* Task brief *
Copy, word for word, the lines of the listing below from the line with "El triple estatus" up to and including the line with "chaussure futsal nike lunar". Drop the pictures.

* Task material *
= = =

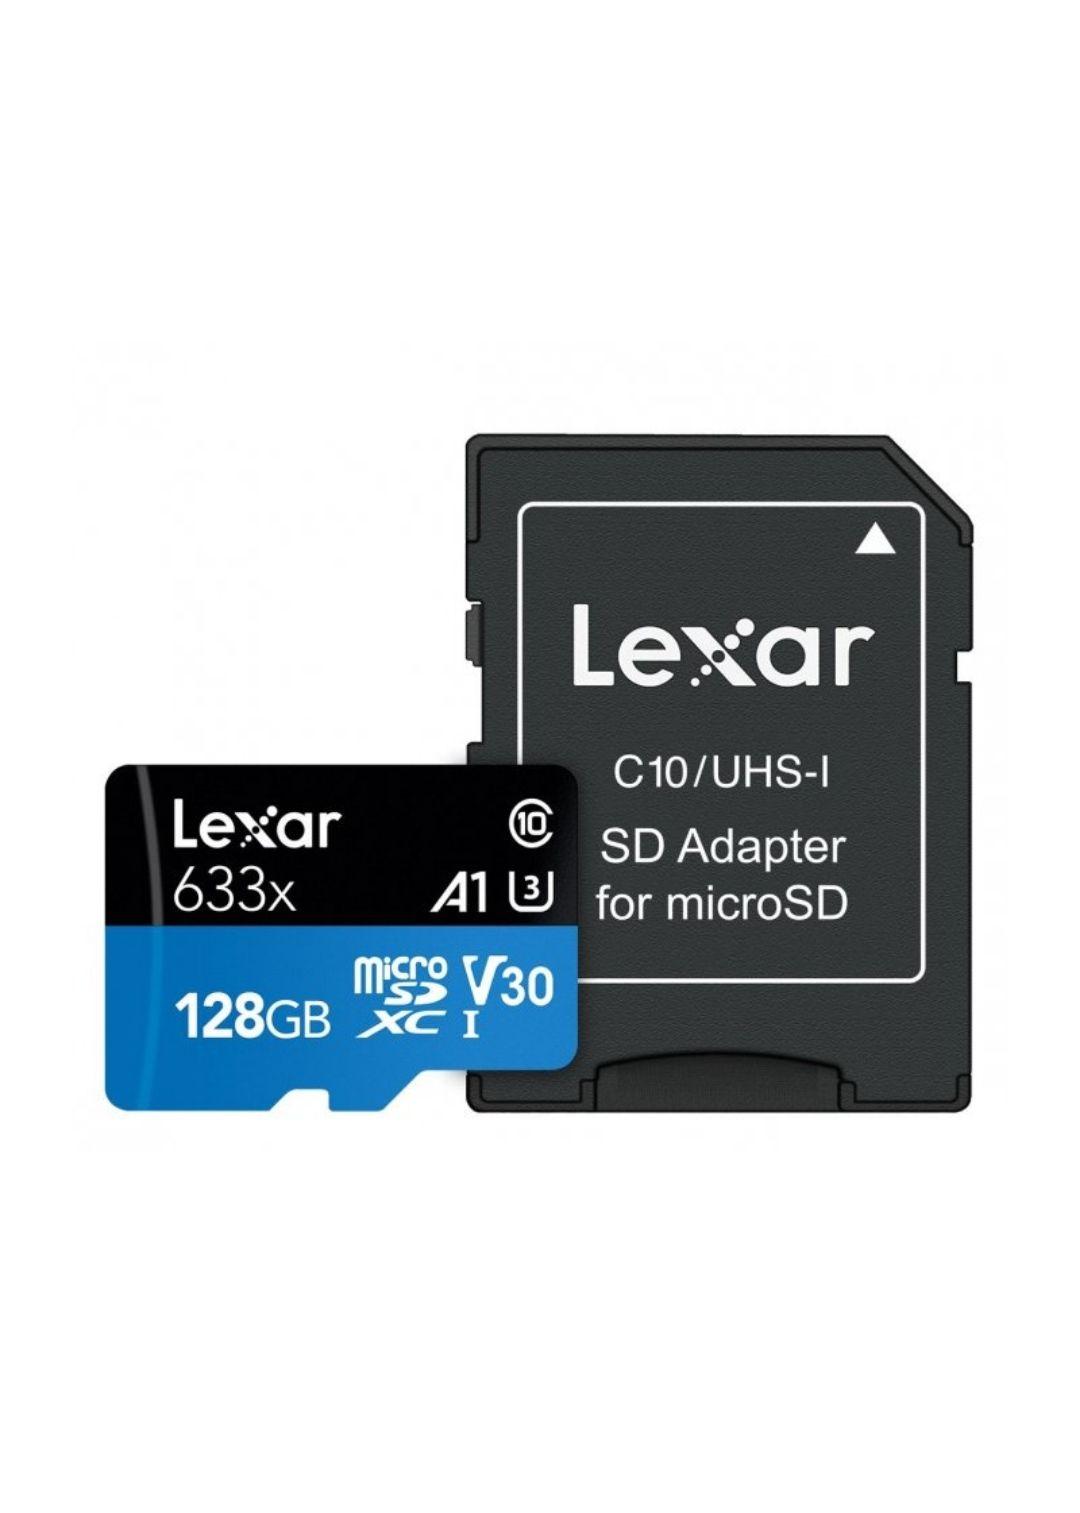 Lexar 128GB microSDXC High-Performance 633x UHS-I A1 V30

= = =

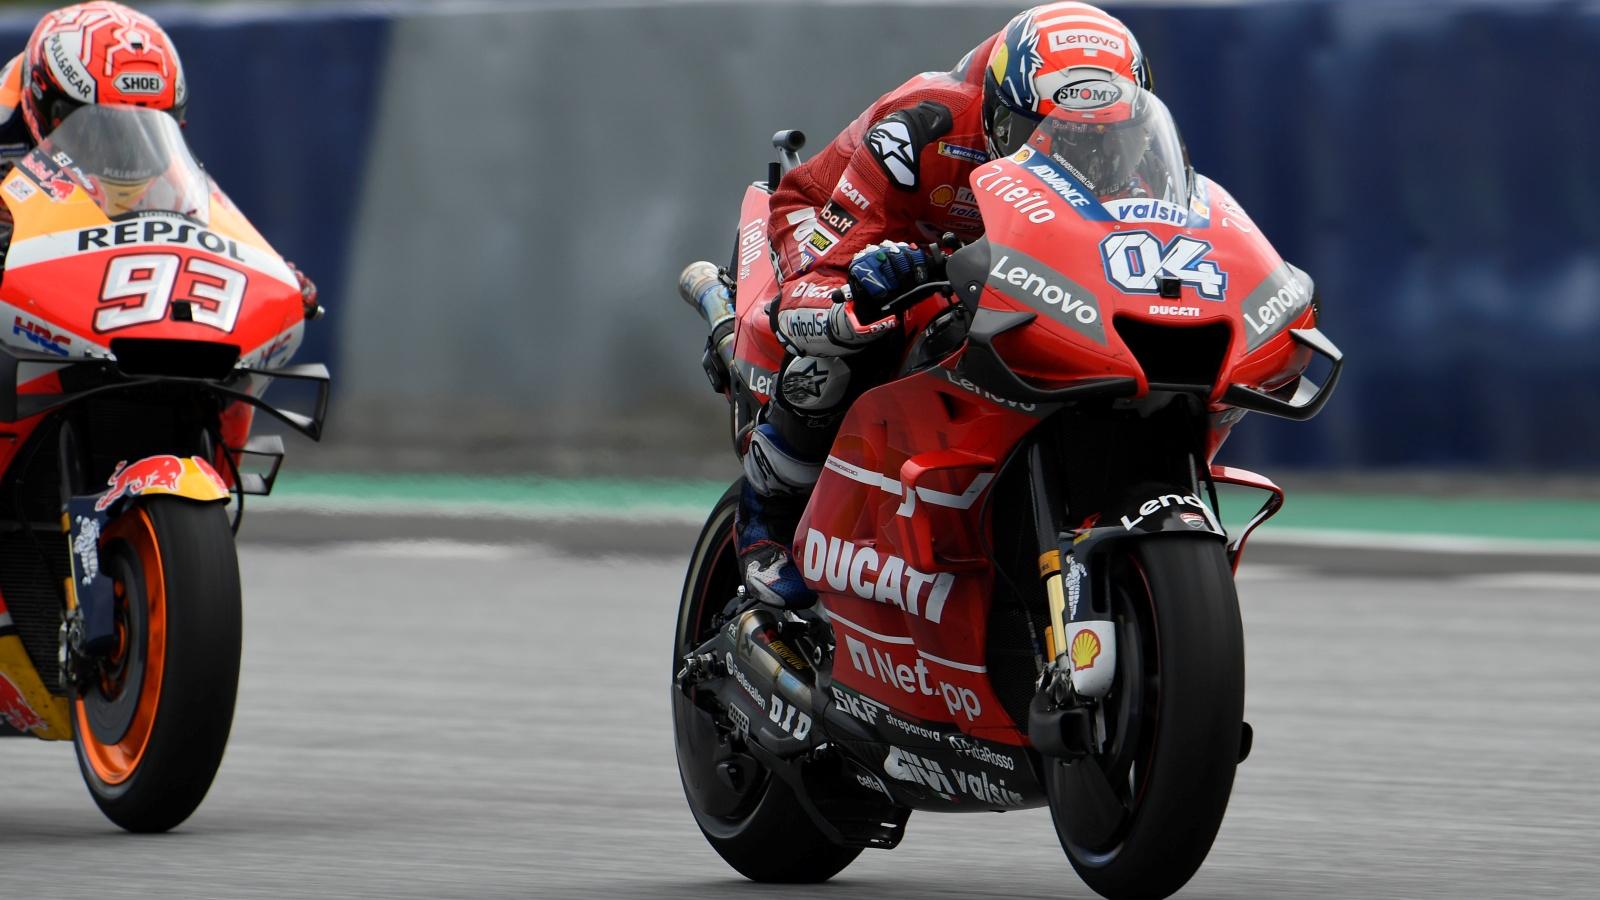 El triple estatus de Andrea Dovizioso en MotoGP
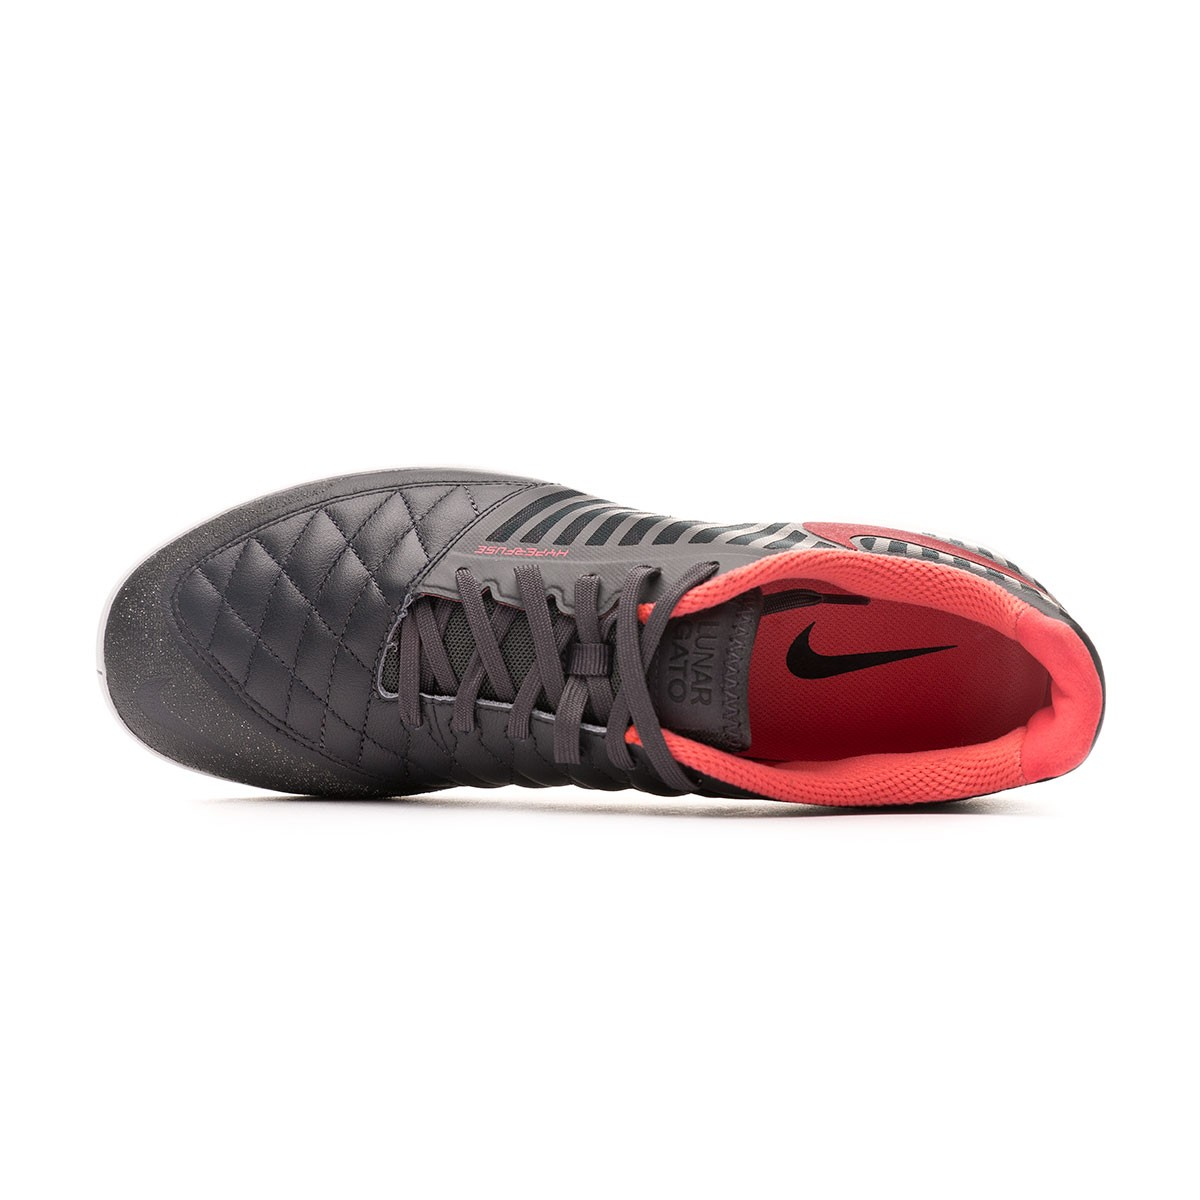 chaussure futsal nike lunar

= = =

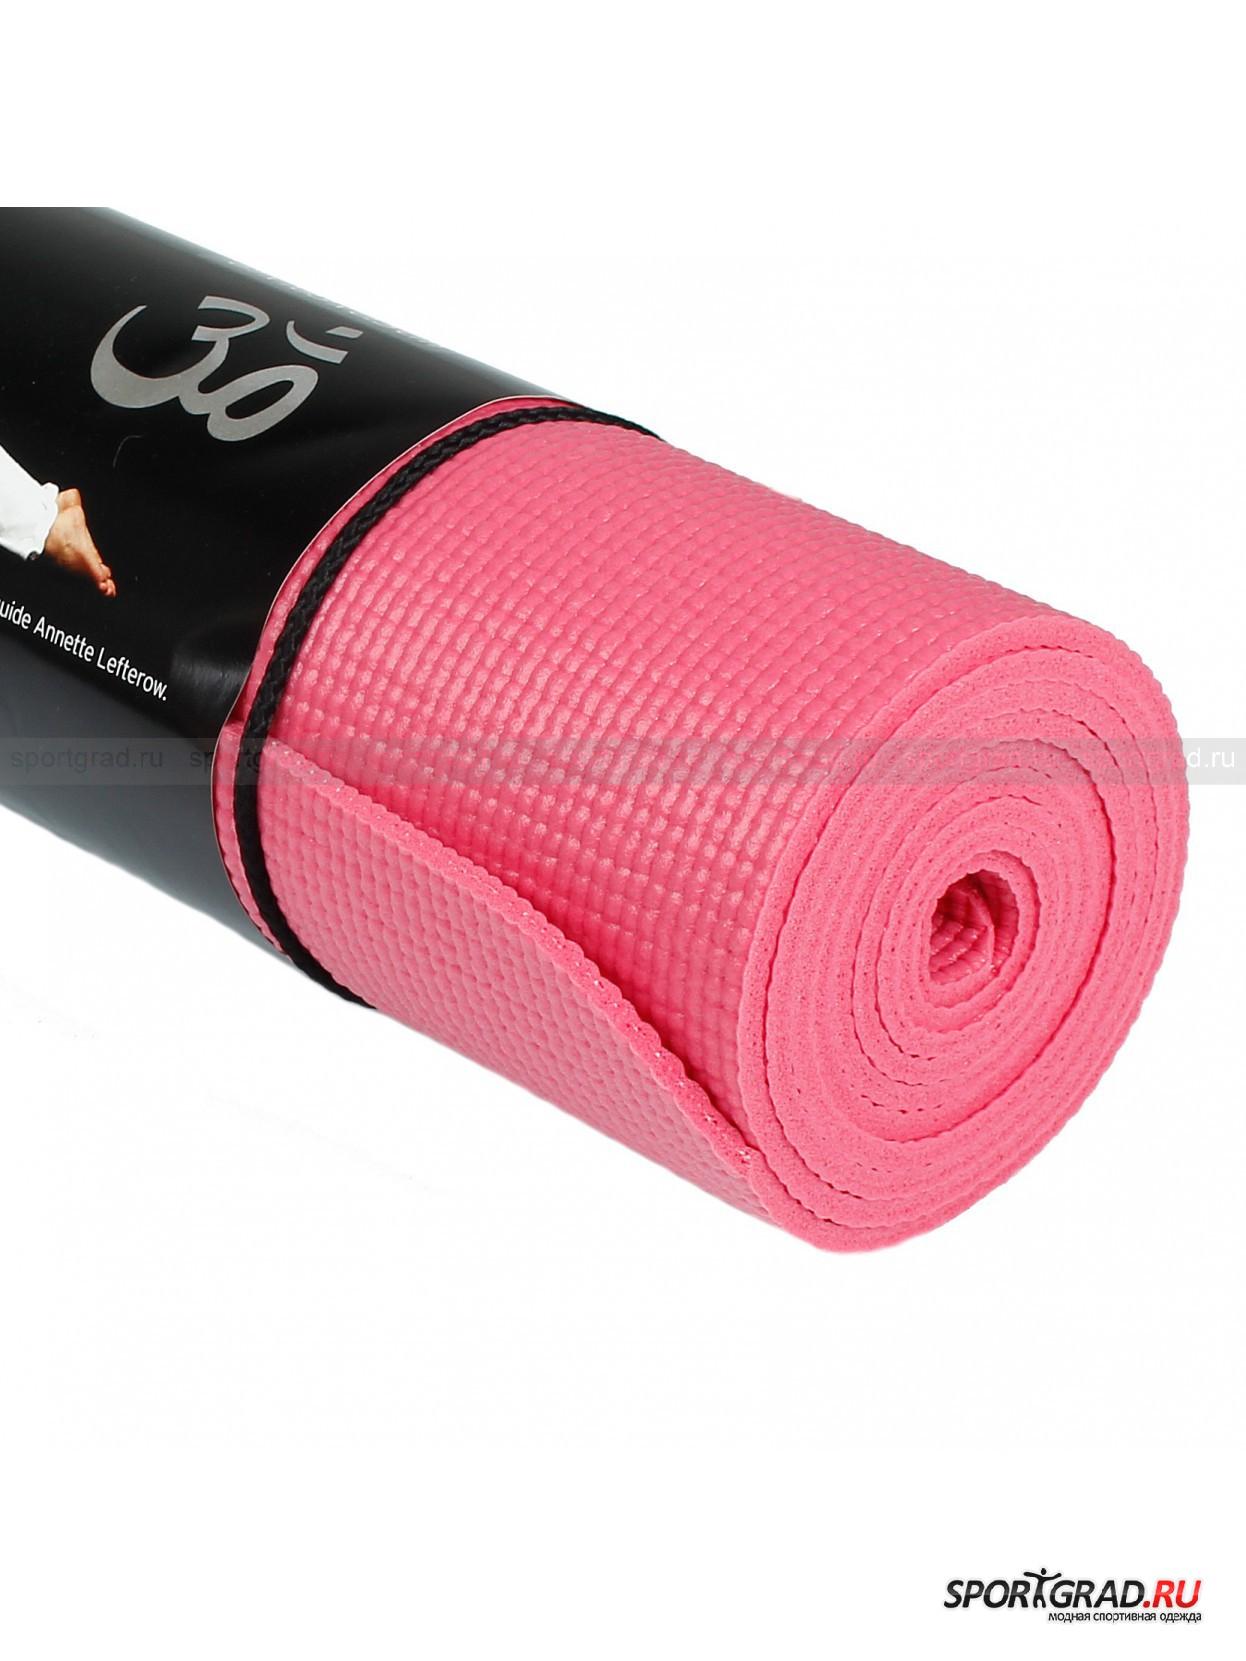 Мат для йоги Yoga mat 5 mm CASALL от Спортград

= = =

* Expected output *
 El triple estatus de Andrea Dovizioso en MotoGP
 chaussure futsal nike lunar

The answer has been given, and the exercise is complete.